NOW THEREFORE, in consideration of the foregoing Preliminary Statement, which
is incorporated by reference with the same force and effect as if fully set
forth herein, and in consideration of the mutual promises and covenants
contained in this Agreement, Purchaser and Seller collectively agree as
follows:
1. Sale of the Stock. In consideration of the Purchase Compensation, as
herein defined, and the covenants, conditions, restrictions and agreements
stipulated to be paid and performed by Purchaser and Seller and upon the terms
and provisions of this Agreement, Seller agrees to sell to Purchaser, and
Purchaser agrees to purchase from Seller, all of the outstanding and issued
stock of the Business owned by Seller, which collectively is equal to one
hundred percent of the stock in the Business.

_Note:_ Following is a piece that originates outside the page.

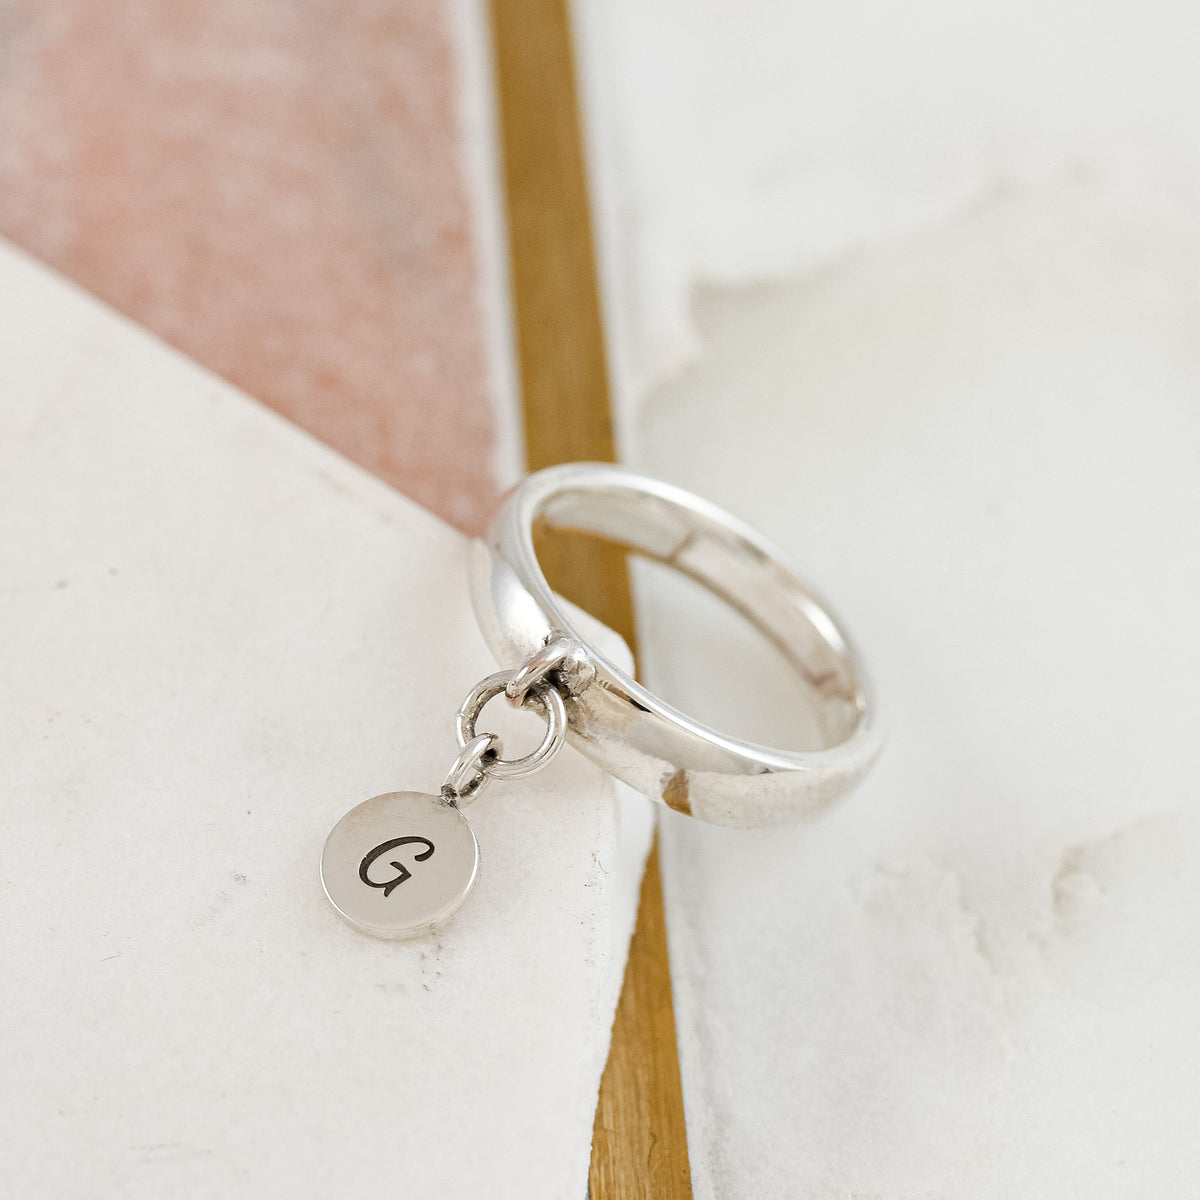 silver disc charm ring engraved with G
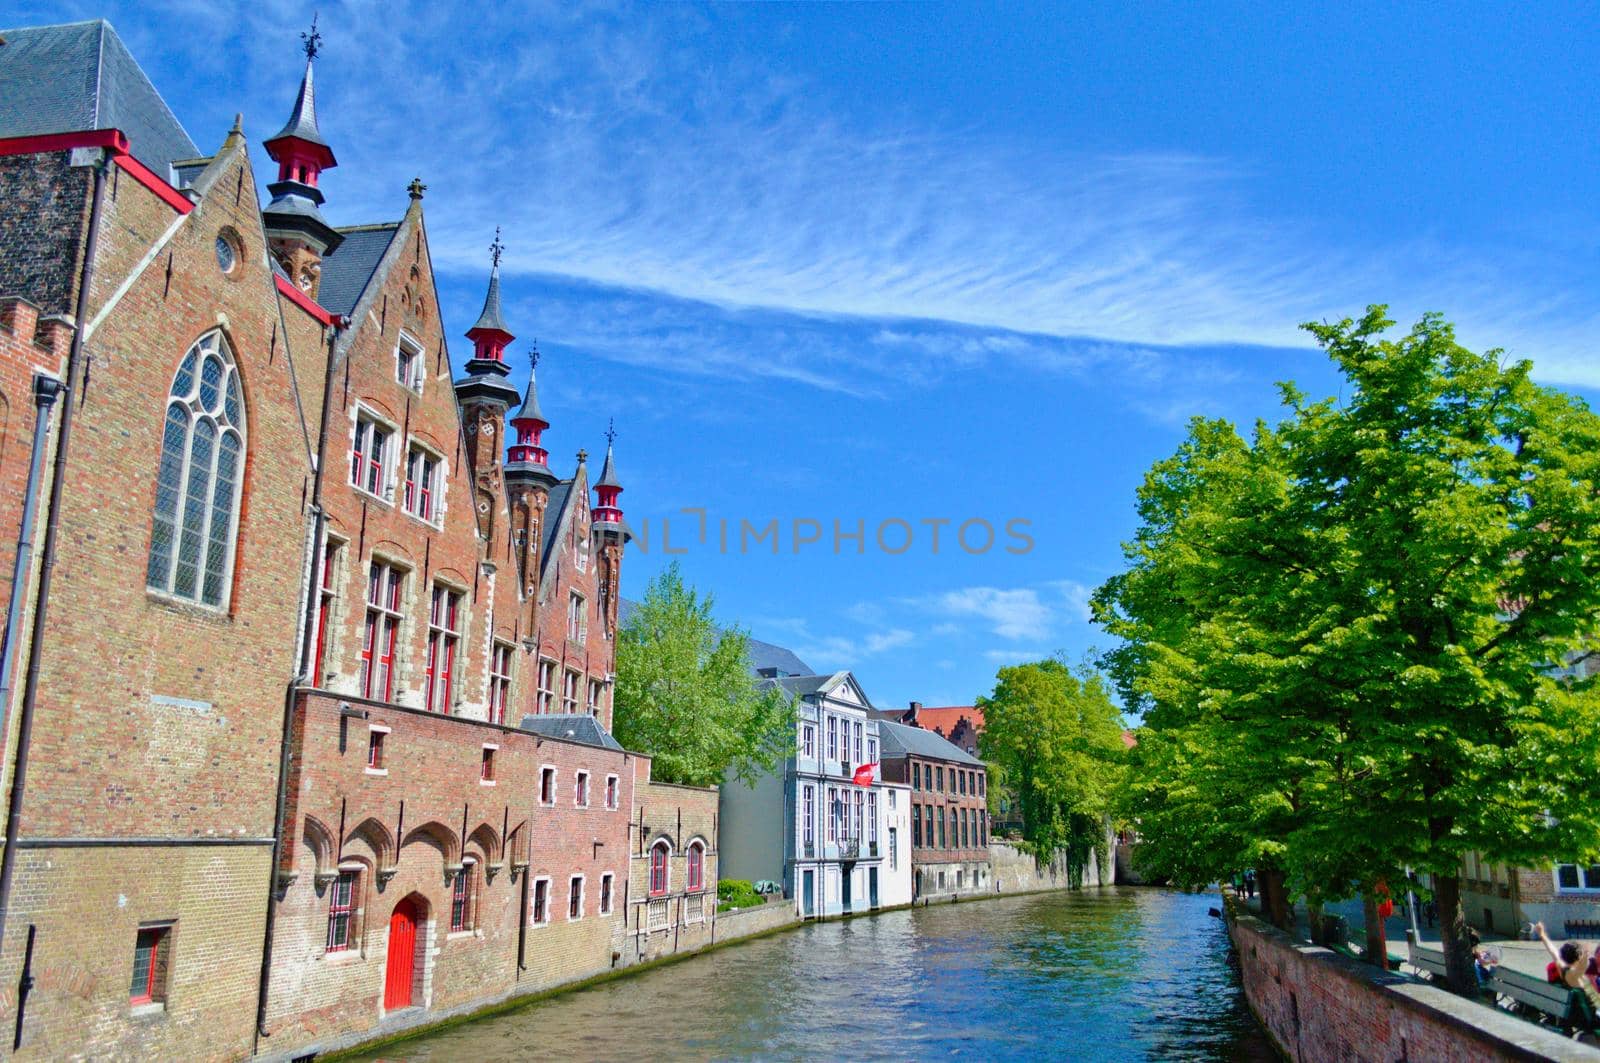 Picturesque houses by the canal in Brugge, Belgium. by hernan_hyper

2. Purchase Compensation. The Purchase Compensation (collectively herein
called the Purchase Compensation) for the purchase and sale of the Seller's
share of the stock of the Business shall be the consideration set forth in
Exhibit "A" attached hereto and incorporated herein by reference.
The Purchase Compensation shall be paid in either stock or lawful money of the
United States of America by cash, cashier's check, treasurer's check, bank
check, certified check, wire transfer or other immediately available funds of
the United States or any combination thereof as specified in Exhibit "A"
attached hereto.
3. Creditors of Business; Indemnification. Seller agrees to and with
Purchaser that all existing creditors of Business who are owed $1,000.00 or
more by the Business as of this date, if any, are set forth on Exhibit "B" of
this Agreement, together with a description of the amounts due and owing and
the names of such creditors.
Seller expressly agrees to defend all actions against Purchaser and/or
the Business with respect to and shall pay, protect, indemnify and save
harmless Purchaser and/or the Business from and against any and all
liabilities, losses, damages, costs, expenses (including reasonable attorney's
fees and expenses), causes of action, suits, claims, demands or judgments of
any nature to which Purchaser and/or the Business, or any of them is subject
to because of actions by the Seller on behalf of the Business prior to the
closing.
The aforementioned indemnifications shall not be applied in favor of an
indemnitee as to actions of an indemnitor if such indemnitee had specific
knowledge of and did not object to, or concurred in, such actions at or prior
to the time the indemnitor took such actions.
4. Stock Power; Restrictive Covenant, Operation of the Business. Stock
Powers shall be delivered to Purchaser upon the payment of the Purchase
Compensation, together with all stock certificates representing the one
hundred percent of the stock in the Business.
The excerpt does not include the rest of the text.